Baca Juga: Sumber Energi Sukses Makmur menyerahkan dana riset PhotoVoltaic ke ITB Salah satu sumber EBT yang menjadi sorotan Arifin untuk bisa dikonversi sebagai listrik adalah bioenergi. Sumber energi tersebut memiliki potensi 32,6 Giga Watt (GW), akan tetapi baru terealisasi sebesar 5,8% atau 1.895,7 Mega Watt (MW). Menurutnya, salah satu keberhasilan pengembangan bioenergi adalah dengan diresmikannya pabrik katalis merah putih di Bandung beberapa waktu lalu. Pabrik tersebut merupakan pabrik katalis nasional pertama di Indonesia yang dikembangkan sejak tahun 1982 oleh ilmuwan Institut Teknologi Bandung. Pabrik tersebut diharapkan mampu memenuhi kebutuhan industri pengilangan minyak, kimia dan petrokimia, serta industri energi. "Bioenergi sangat penting ke depan, terutama nanti kalau minyak habis, gas sedikit. Bioenergi ini adalah salah satu andalan kita. Kita jangan berpikir sekarang, tapi ke depan pada saat minyak mahal, kita akan memanfaatkan bioresources ini," kata Arifin. Jenis sumber EBT lain yang punya potensi besar namun belum teroptimalkan secara baik adalah panas bumi (23,9 GW), bayu atau angin (60,6 GW), Hidro atau air (75 GW), surya (207,8 GW) dan samudera. "Samudera, ocean resources kita punya potensi hampir 18 GW tapi masih 0%, belum termanfaatkan," ungkap Arifin. Saat ini, Kementerian ESDM tengah melakukan juga tengah mengembangkan pilot project alias uji coba energi samudera di beberapa lokasi untuk menghitung keekonomian proyek listrik dari energi laut ini. "Ada beberapa lokasi kita lakukan uji coba. Kita lakukan uji coba, pilot dulu, untuk bisa meningkat kalau sudah bisa menghitung keekonomiannya," ungkap Arifin. Dalam paparan Arifin, ada dua teknologi yang sedang dikaji dan diuji coba untuk memanfaatkan energi samudera menjadi listrik. Pertama, teknologi gelombang laut. Penggunaan teknologi ini melalui Oscillating Water Column (OWC) berpeluang ditempatkan di perairan selatan Enggano. Sedangkan teknologi gelombang laut menggunakan heaving device berpotensi di wilayah Mentawai. Kedua, teknologi energi panas laut atau Ocean Thermal Energy Conversion (OTEC) di perairan Bali Utara. Balitbang ESDM pun sudah melakukan feasibilty study (FS).

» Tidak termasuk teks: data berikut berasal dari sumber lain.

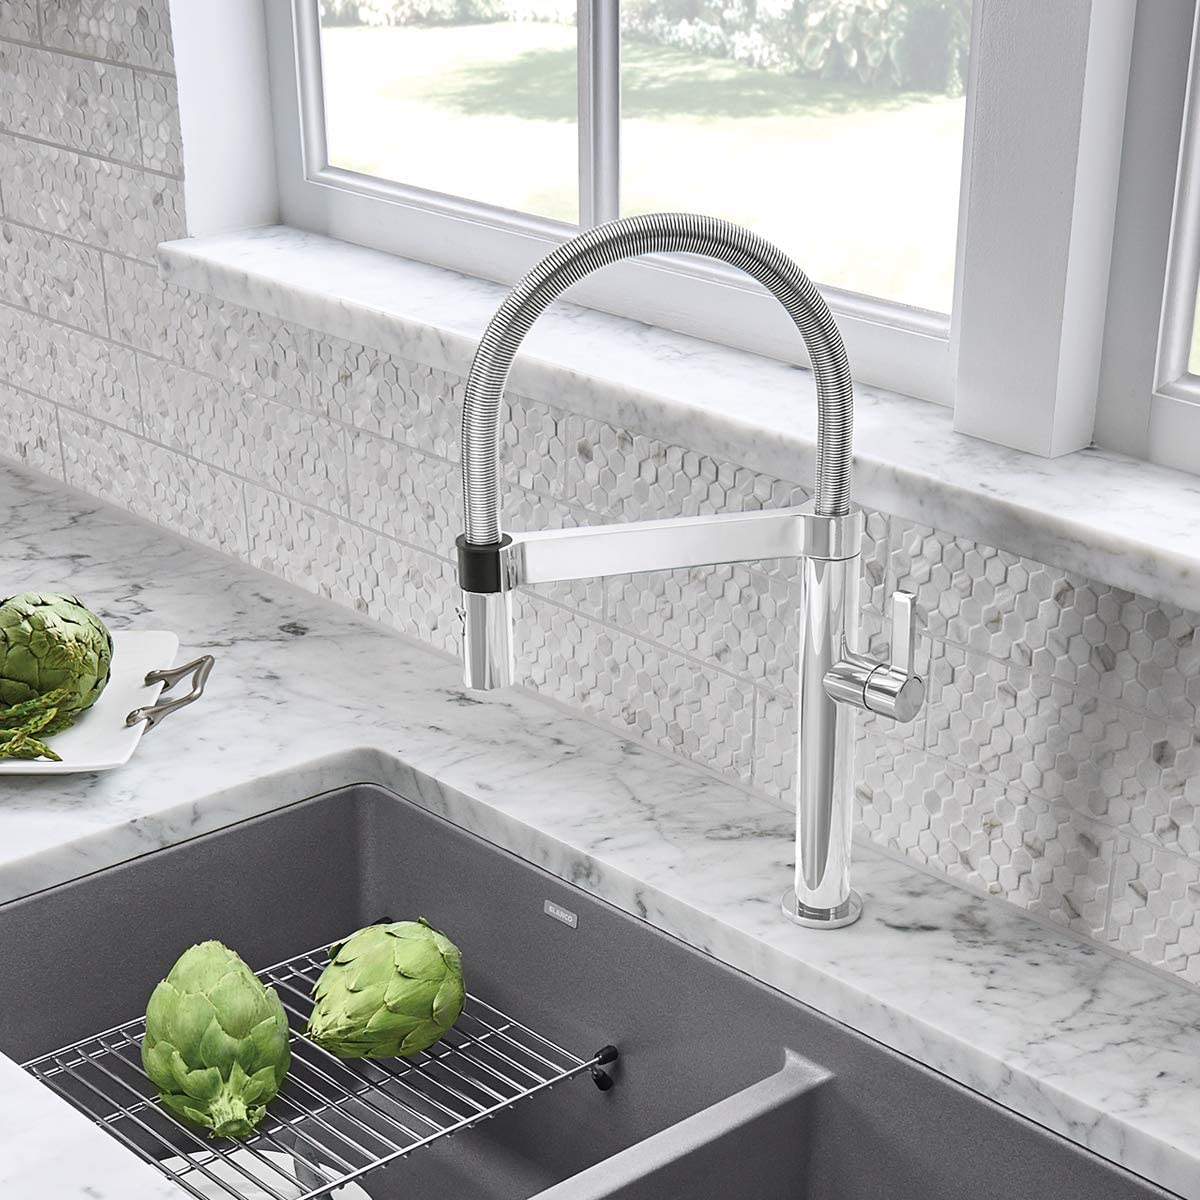 Culina Mini Semi-Pro Kitchen Faucet with Magnetic Handspray, 1.8 GPM- Chrome

Baca Juga: Pengembangan EBT masih minim, begini strategi PLN capai target FS tersebut dilakukan pada teknologi arus laut di Selat Alas antara Pulau Lombok dan Pulau Sumbawa. Juga dilakukan di Selat Sape (antara Pulau Sumbawa dan Pulau Komodo), dan Selat Pantar (antara Pulau Pantar dan Pulau Alor).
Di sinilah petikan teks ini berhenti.